> [DATA SECTION]
*** Block opens ***
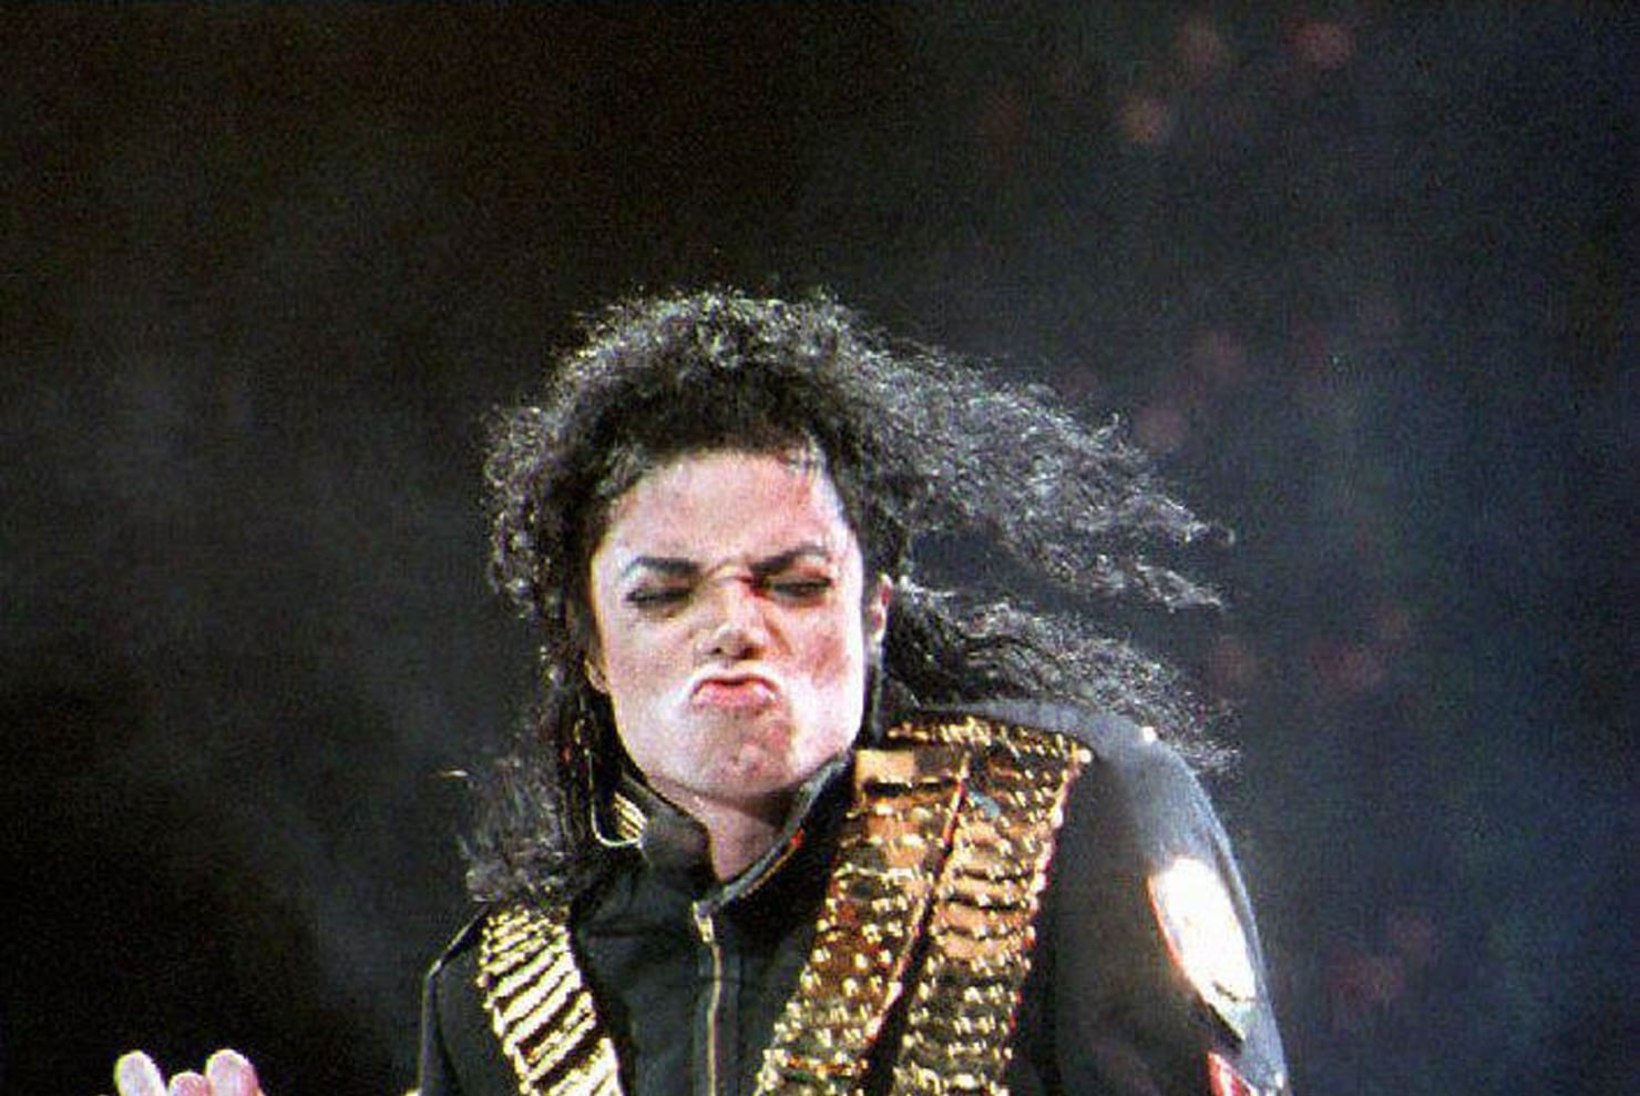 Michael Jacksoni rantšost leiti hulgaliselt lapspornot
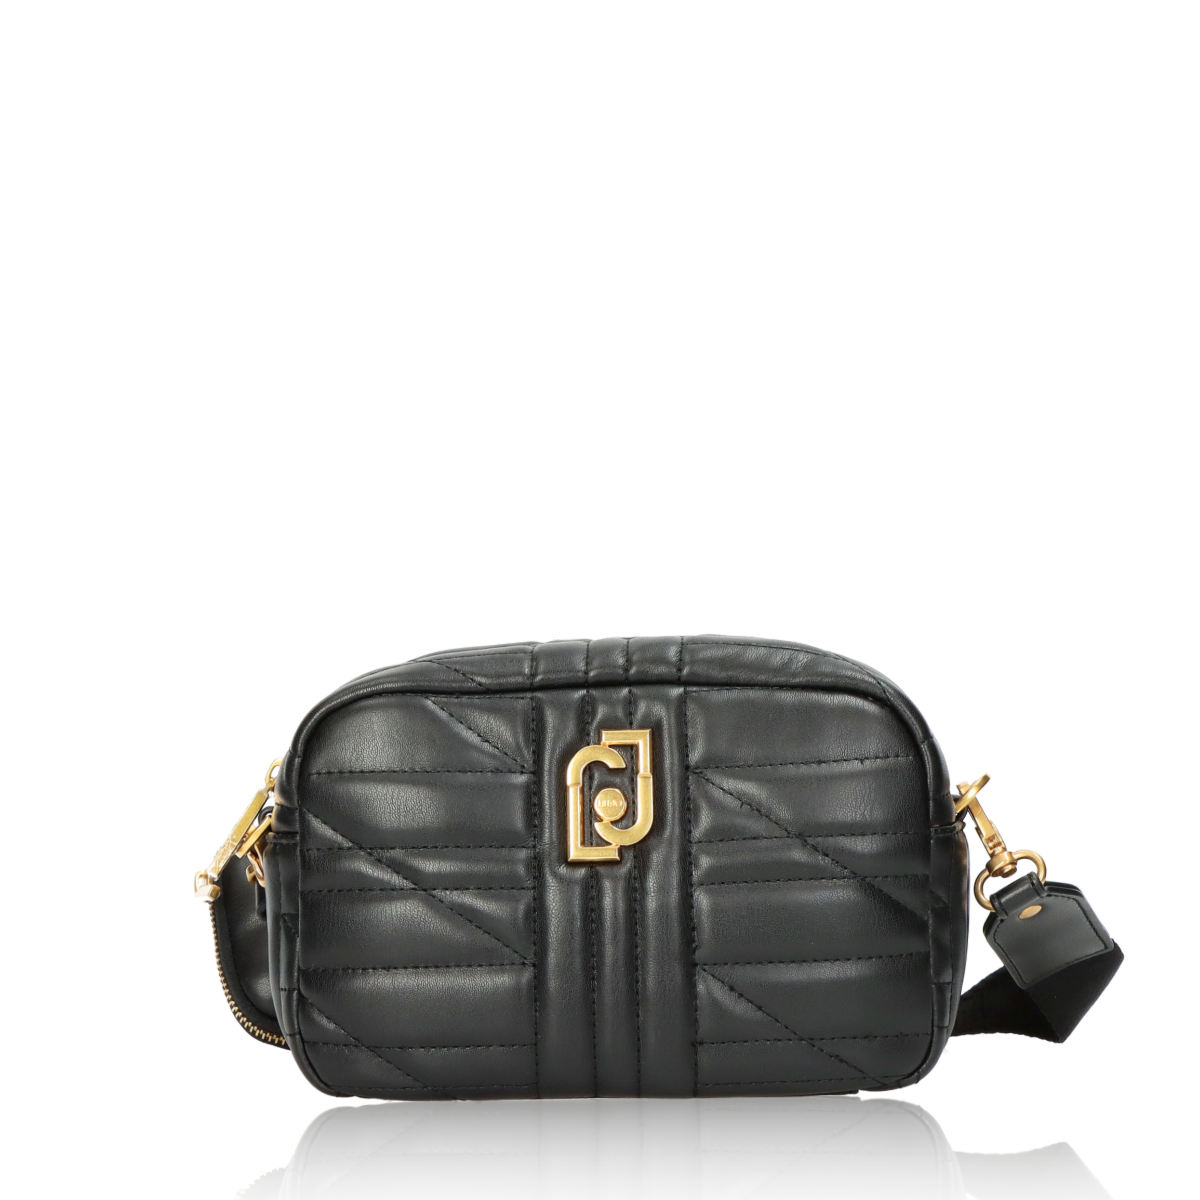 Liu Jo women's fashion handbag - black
*** Block closes ***
*** Block opens ***
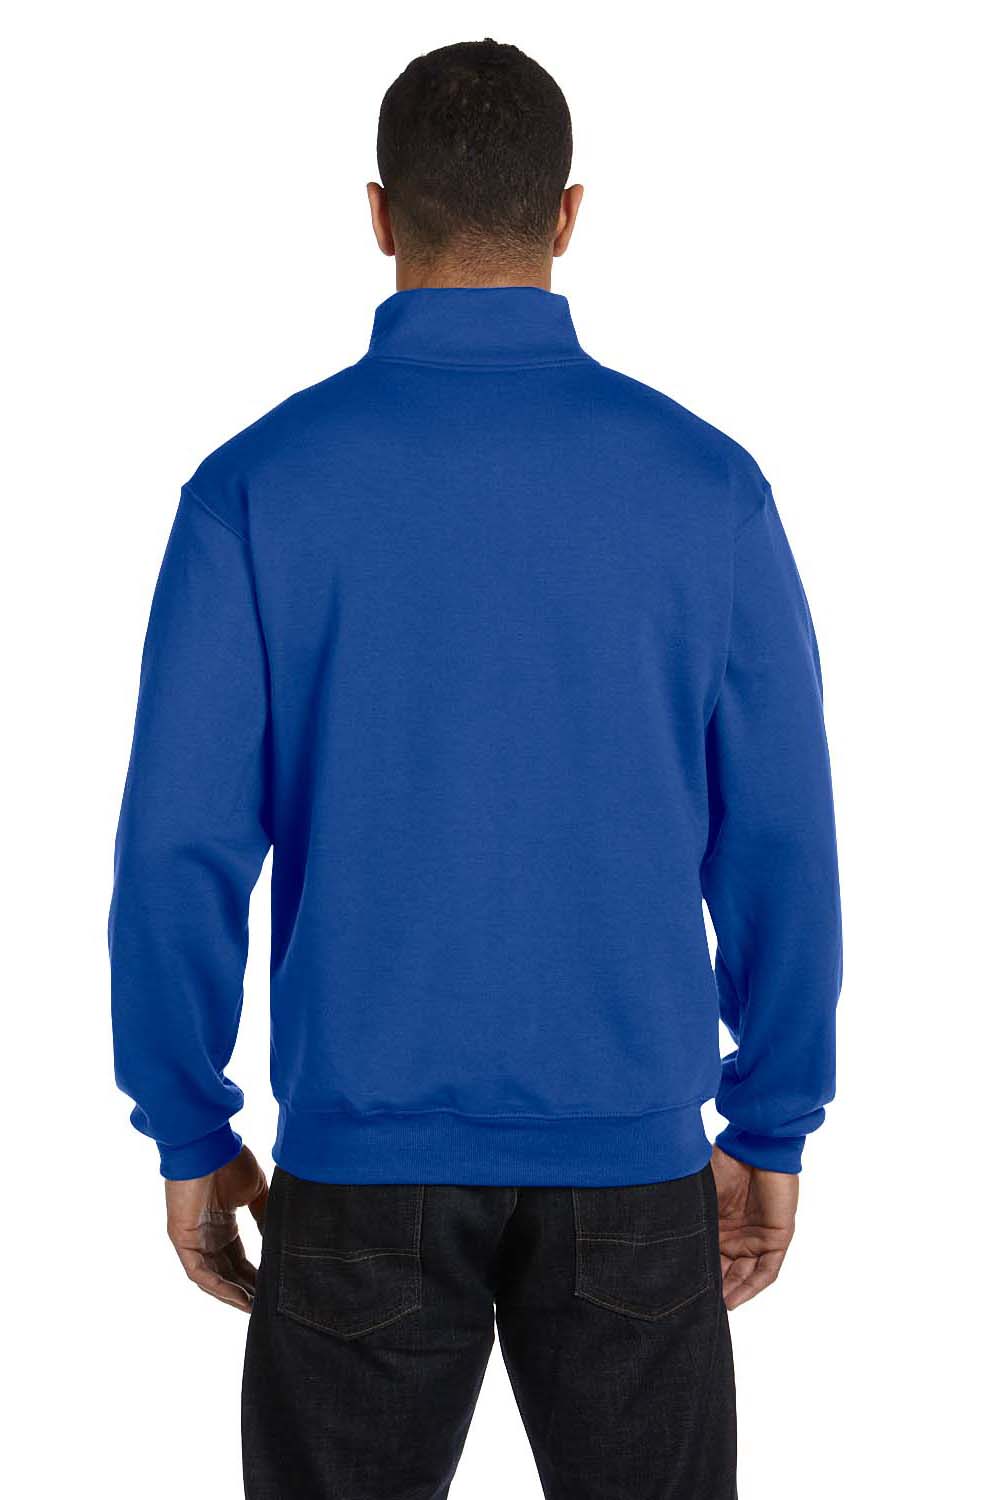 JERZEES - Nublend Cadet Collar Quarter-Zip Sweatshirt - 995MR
*** Block closes ***
*** Block opens ***
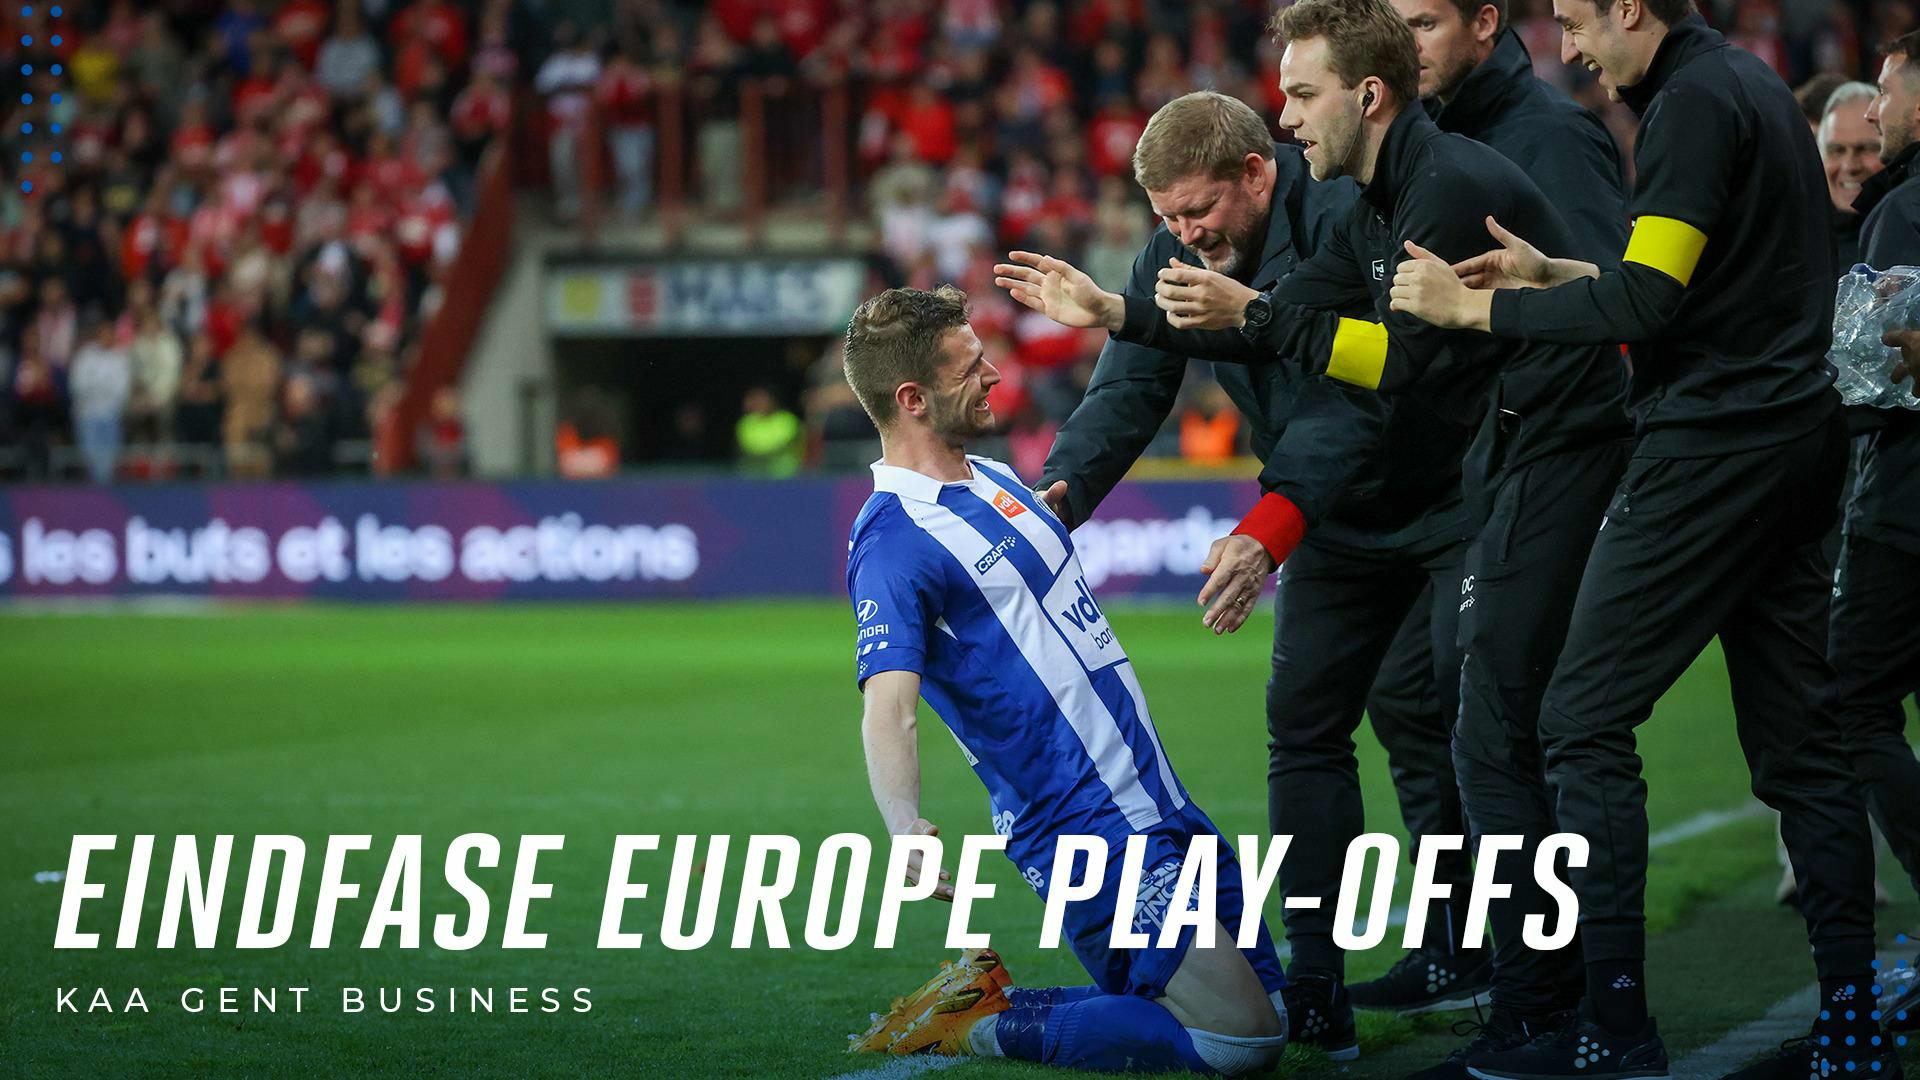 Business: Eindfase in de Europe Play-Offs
*** Block closes ***
Look above for the line with "Michael Jacksoni rantšost" and the line with "Liu Jo women's fashion handbag - black". Give again exactly those two lines and all lines between them, pictures excluded.

 Michael Jacksoni rantšost leiti hulgaliselt lapspornot
 Liu Jo women's fashion handbag - black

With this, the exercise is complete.